Instructions:
Sauté the vegetables:
In a large skillet, heat olive oil over medium heat. Add the onion and cook until soft. Stir in the bell peppers, zucchini, and grated sweet potato. Cook for about 5–7 minutes until vegetables are tender.
Spice it up:
Add the garlic, cumin, paprika, cinnamon, salt, and pepper. Stir and let the spices bloom for 1–2 minutes.
Simmer the sauce:
Add the chopped tomatoes, tomato paste, and broth. Stir to combine. Simmer uncovered for 10–15 minutes until the sauce thickens. Taste and add sugar if the tomatoes are too acidic.
Add the eggs:
Make small wells in the sauce and crack the eggs into them.

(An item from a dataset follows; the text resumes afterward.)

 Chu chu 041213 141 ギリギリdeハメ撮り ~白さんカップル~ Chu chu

Cover the skillet and cook for 6–8 minutes until whites are set but yolks remain runny (or to your liking).
Garnish:
Sprinkle with crumbled feta, herbs, and optional pomegranate seeds for a seasonal finish.
Serving and Storage Tips:
Serve hot, directly from the skillet with crusty bread, pita, or warm flatbread.
Store leftovers in an airtight container for up to 3 days in the fridge.

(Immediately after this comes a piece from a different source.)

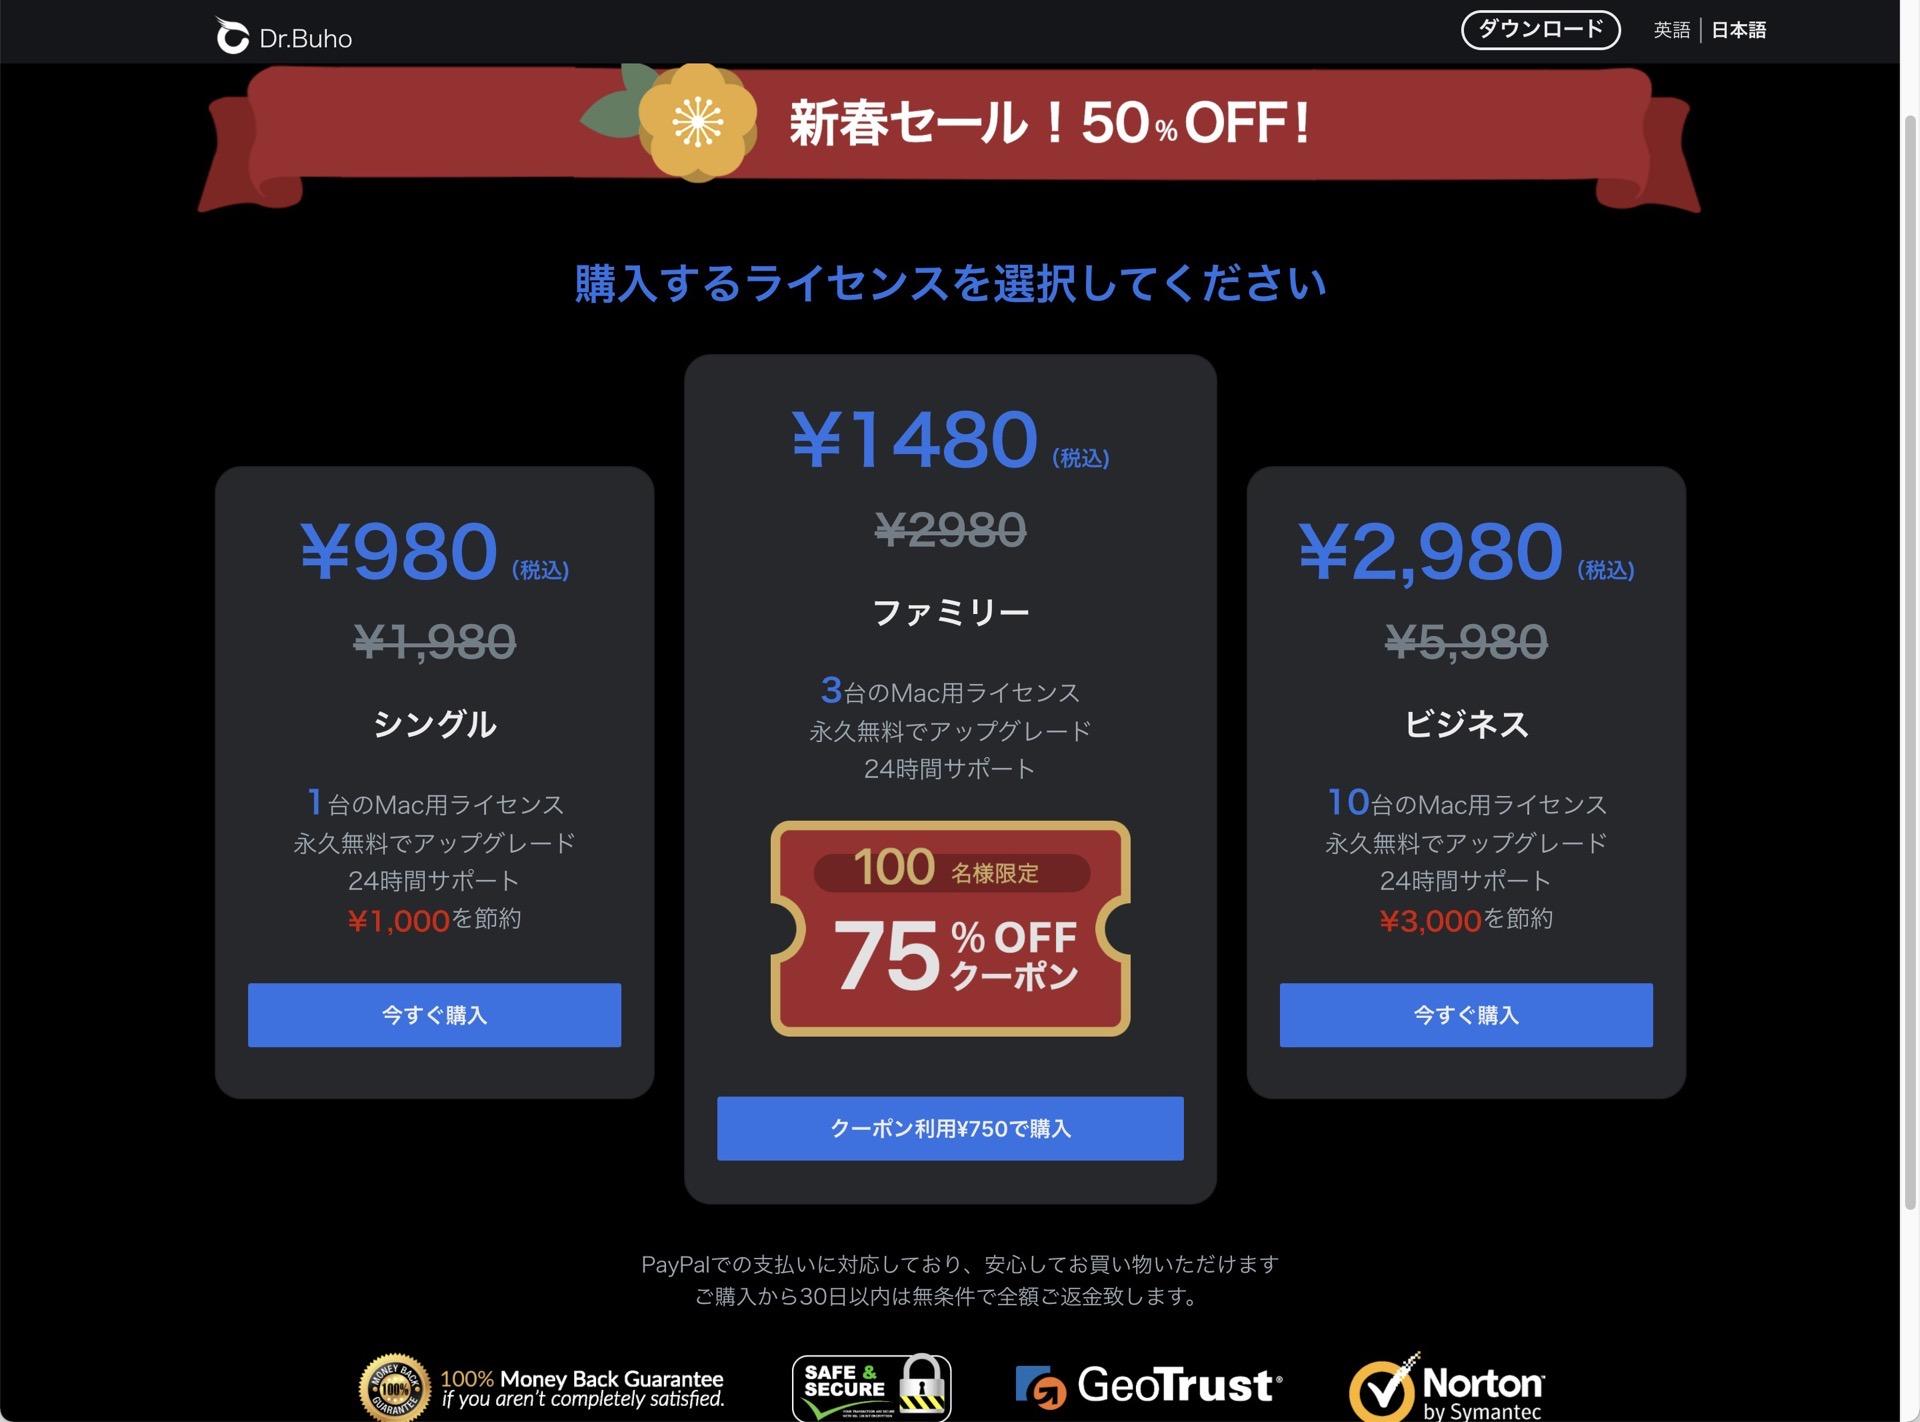 BuhoCleaner buy3

Reheat gently on the stove or in the microwave. Avoid overcooking the eggs when reheating.
Variations:
Spicy version: Add chopped jalapeños or chili flakes for heat.
Vegan version: Skip the eggs and add chickpeas or tofu cubes for protein.
Green shakshuka: Use kale, spinach, and green peppers with a tomatillo-based sauce.
Cheesy delight: Mix shredded mozzarella or goat cheese into the sauce before adding eggs.
FAQs:
Q: Can I use canned tomatoes instead of fresh?
A: Yes! Canned diced tomatoes work well and save time, especially in autumn when fresh tomatoes are less sweet.
Q: How do I know when the eggs are done?
A: The whites should be firm and the yolks slightly jiggly. Covering the skillet helps cook them evenly.
Q: Can I make this in advance?
A: You can prep the sauce a day ahead. Add the eggs and cook them just before serving for the best texture.
Q: What bread pairs well with shakshuka?
A: Sourdough, pita, or any rustic bread with a good crust will soak up the sauce perfectly.